Cath Campbell: 'Build It and They Will Come' The Travelling Gallery

Build It and They Will Come
The Travelling Gallery

Cath Campbell
Donna Conlon
Will Duke
Matthew Houlding
Toby Paterson
Susie Wright

Touring 12th April to 29th June 2007

The brand new Travelling Gallery vehicle begins its first tour this April with an exhibition featuring artists whose work is inspired by architecture and the built environment. The exhibiting artists are Cath Campbell, Donna Conlon, Will Duke, Matthew Houlding, Toby Paterson and Susie Wright. Matthew Houlding will show new work commissioned specially for the new Travelling Gallery and as a response to the new design.

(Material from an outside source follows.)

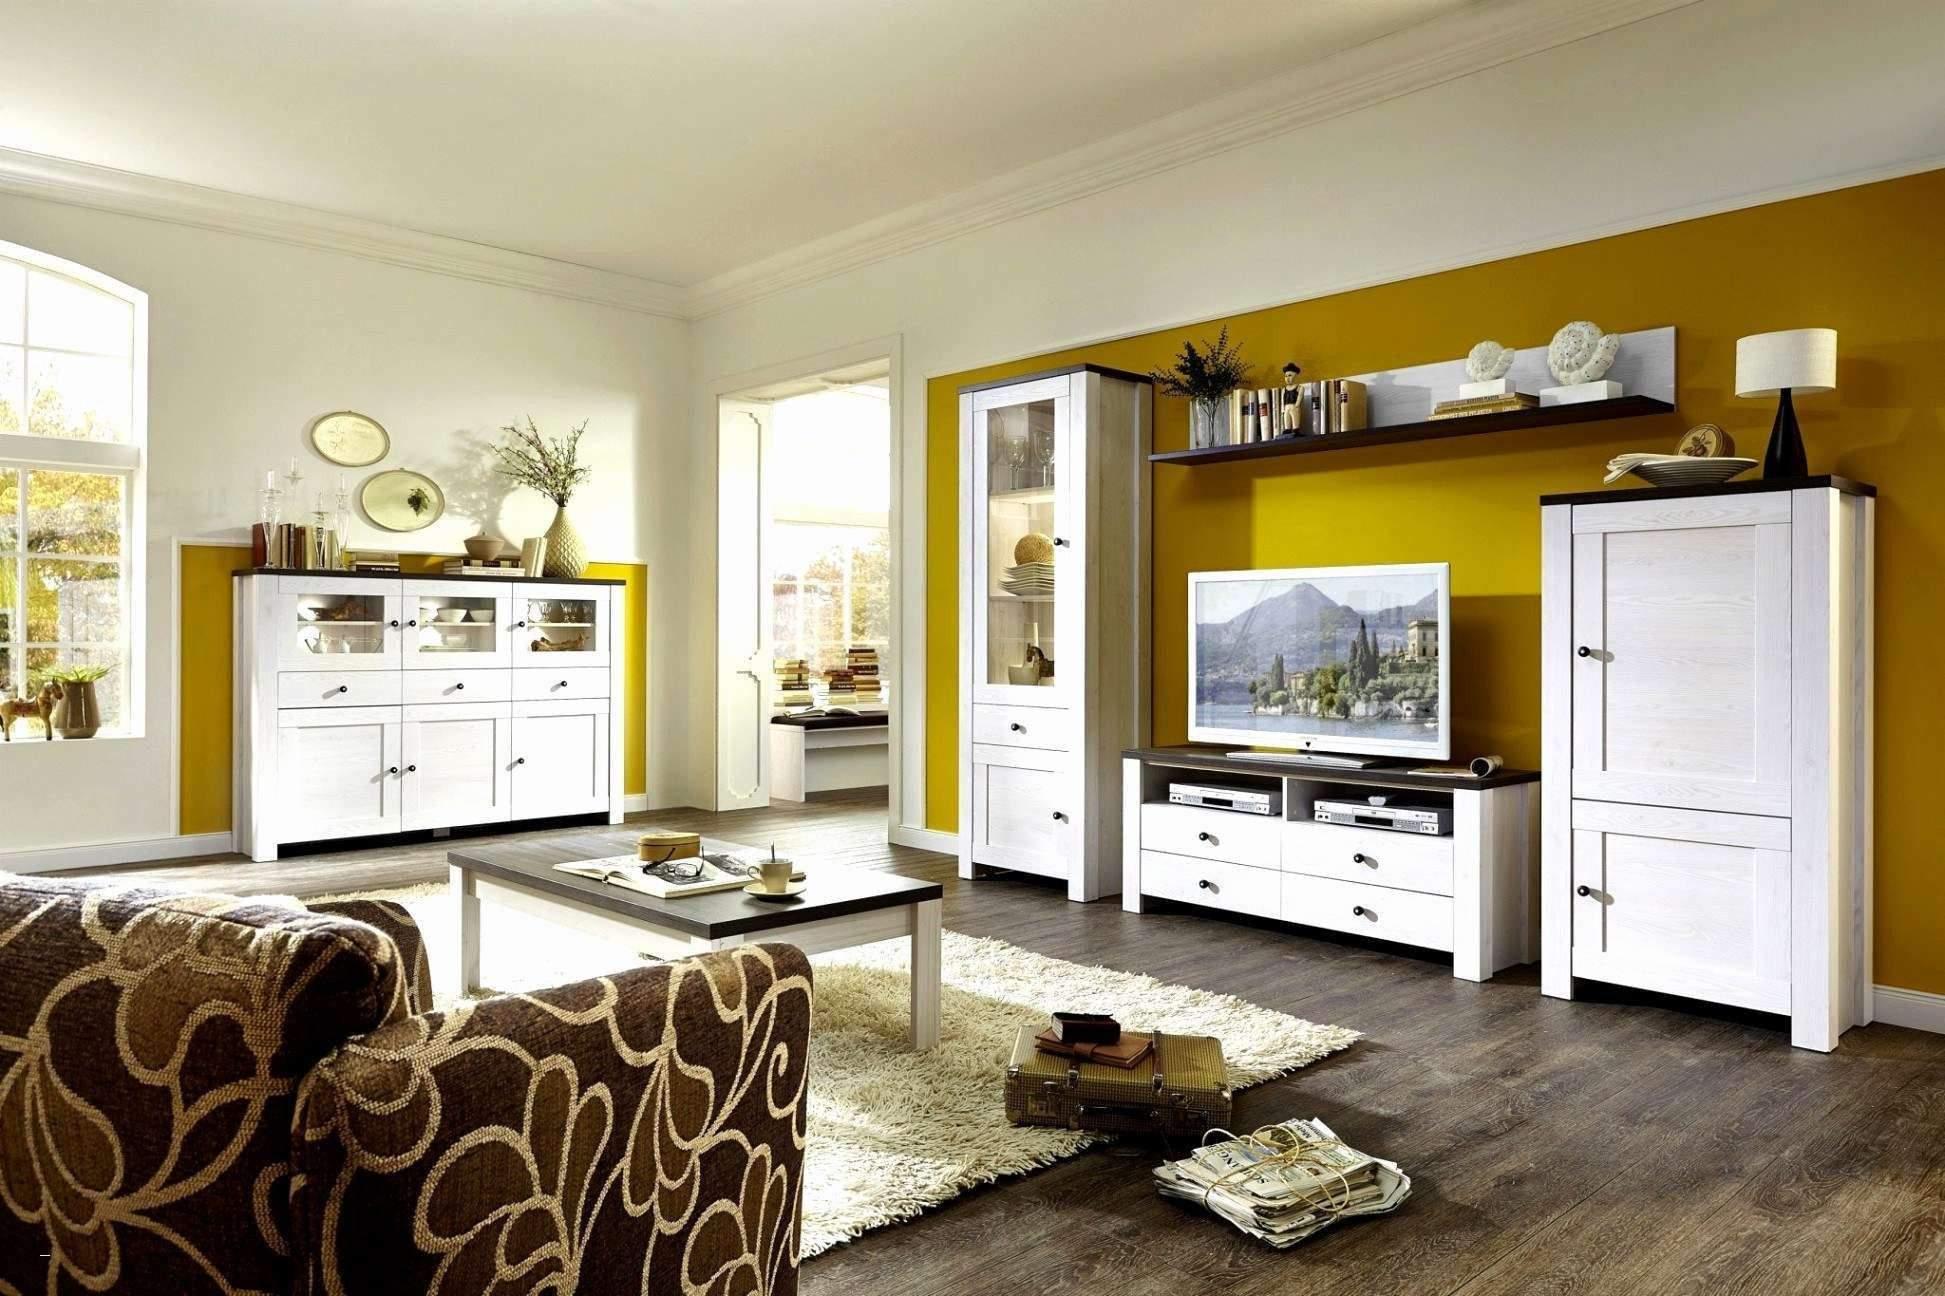 steinteppich wohnzimmer luxus designer wohnzimmer luxus gm stock quote awesome ironwood of steinteppich wohnzimmer

The concept of the exhibition was inspired by the process of commissioning and building the new Travelling Gallery. This involved working with architects Sutherland Hussey for the interior and artist Mandy McIntosh, who created the exterior design.

The exhibition will be complemented by a series of artist-led workshops and events, focussing on design and architecture and will include a full colour Education Pack for venues/groups.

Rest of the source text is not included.